Time and again, I heard parents quizzing their wide-eyed youngsters: “Which one is your favorite?” And time and again, I heard children resorting to fanciful descriptions: “The pink snaky one!” “The one that looks like licorice!” “The peppermint!” Adults, too, pointed, gesticulated, and struggled to categorize what they saw. A debate arose, for instance, around a huddle of pointy-ended black blobs: were they tubers, snails, seals, or shrews? Unlike the Blaschkas’ glass flowers, which are politely labeled with genus and species, the creations in Chiluly-Land defy categorization, blurring the boundary between plant and animal, actual and imaginary. This ain’t your Grandma’s flower garden, but a psychedelic romp through a land of light and color.

Persian Ceiling

As if the thousand flowers of “Mille Fiori” weren’t mind-boggling enough, the glowing expanse of Chihuly’s “Persian Ceiling” evokes an other-worldly, aquatic realm.
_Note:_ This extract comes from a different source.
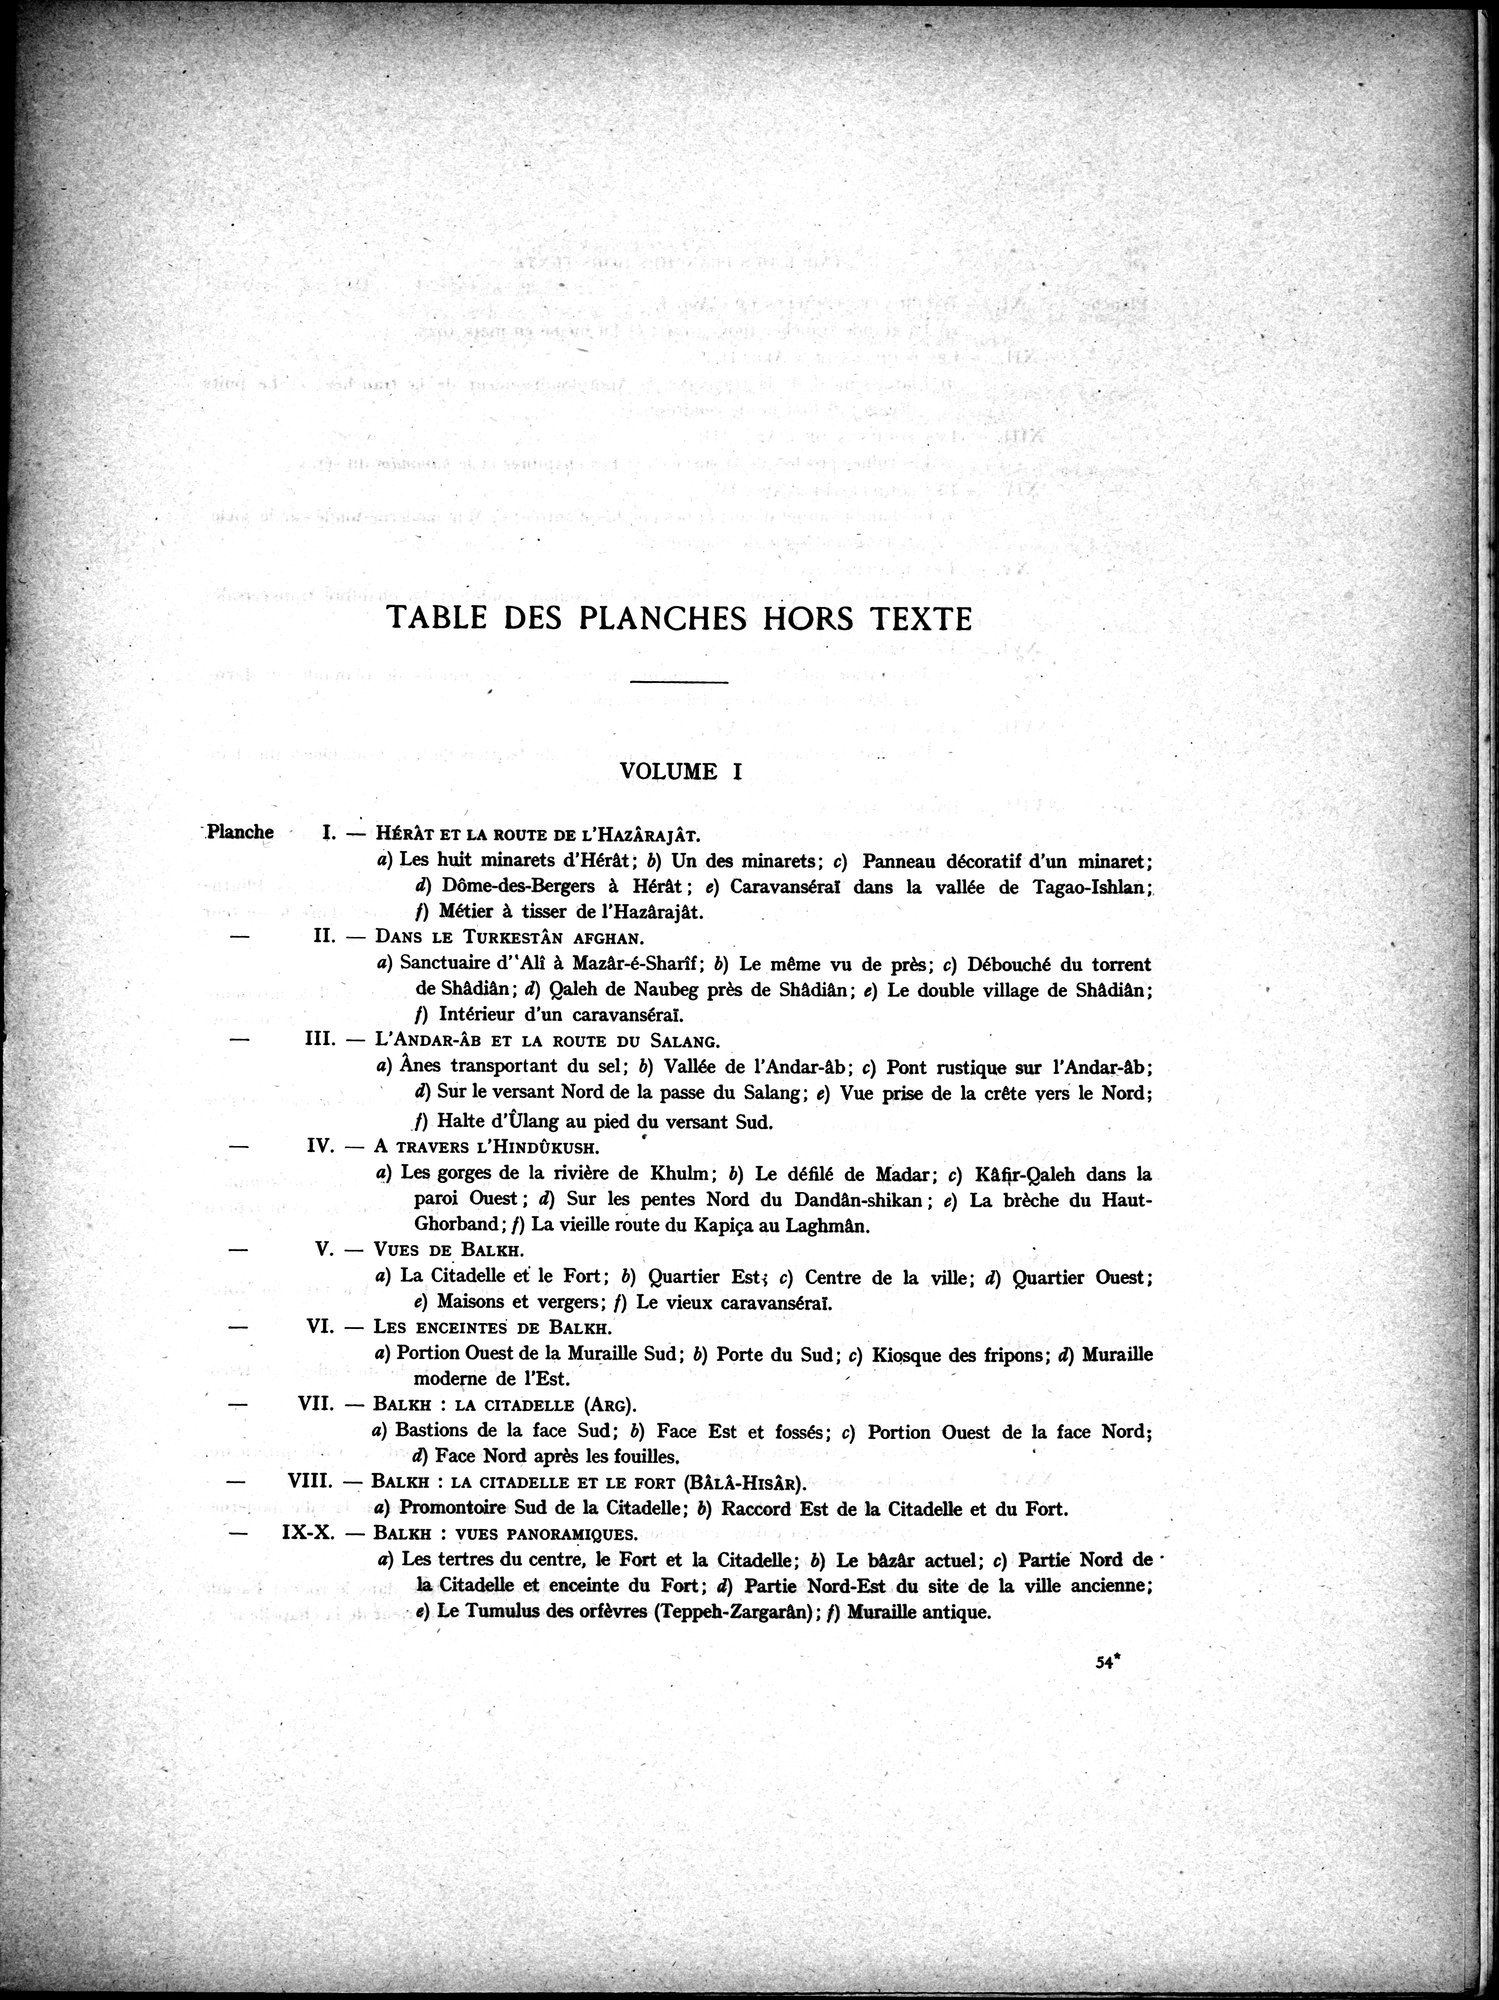 La Vieille Route de l'Inde de Bactres à Taxila : vol.2 / Page 253 (Grayscale High Resolution Image)

Are these underwater flowers, terrestrial jellyfish, or translucent denizens of a yet-to-be-discovered planet?

Persian Ceiling

The Blaschkas themselves made glass invertebrates–“jellyfish, anemones, planarians (flat worms), polychaetes (tube-dwelling worms), sponges, radiolarians and assorted molluscs”–that reside in Dublin’s Natural History Museum, which I visited in February, 2006…but again, the Blaschkas’ crystal jellies are worlds apart from Chihuly’s aquatic creatures. The Blaschkas captured the weird colors and stunning shapes of creatures that actually exist: their work mesmerizes because it suggests things you might see if you traveled the world with open eyes. Chihuly’s work, on the other hand, offers a fantastic glimpse into a world that never was: the muscae volitantes of imagination’s eye.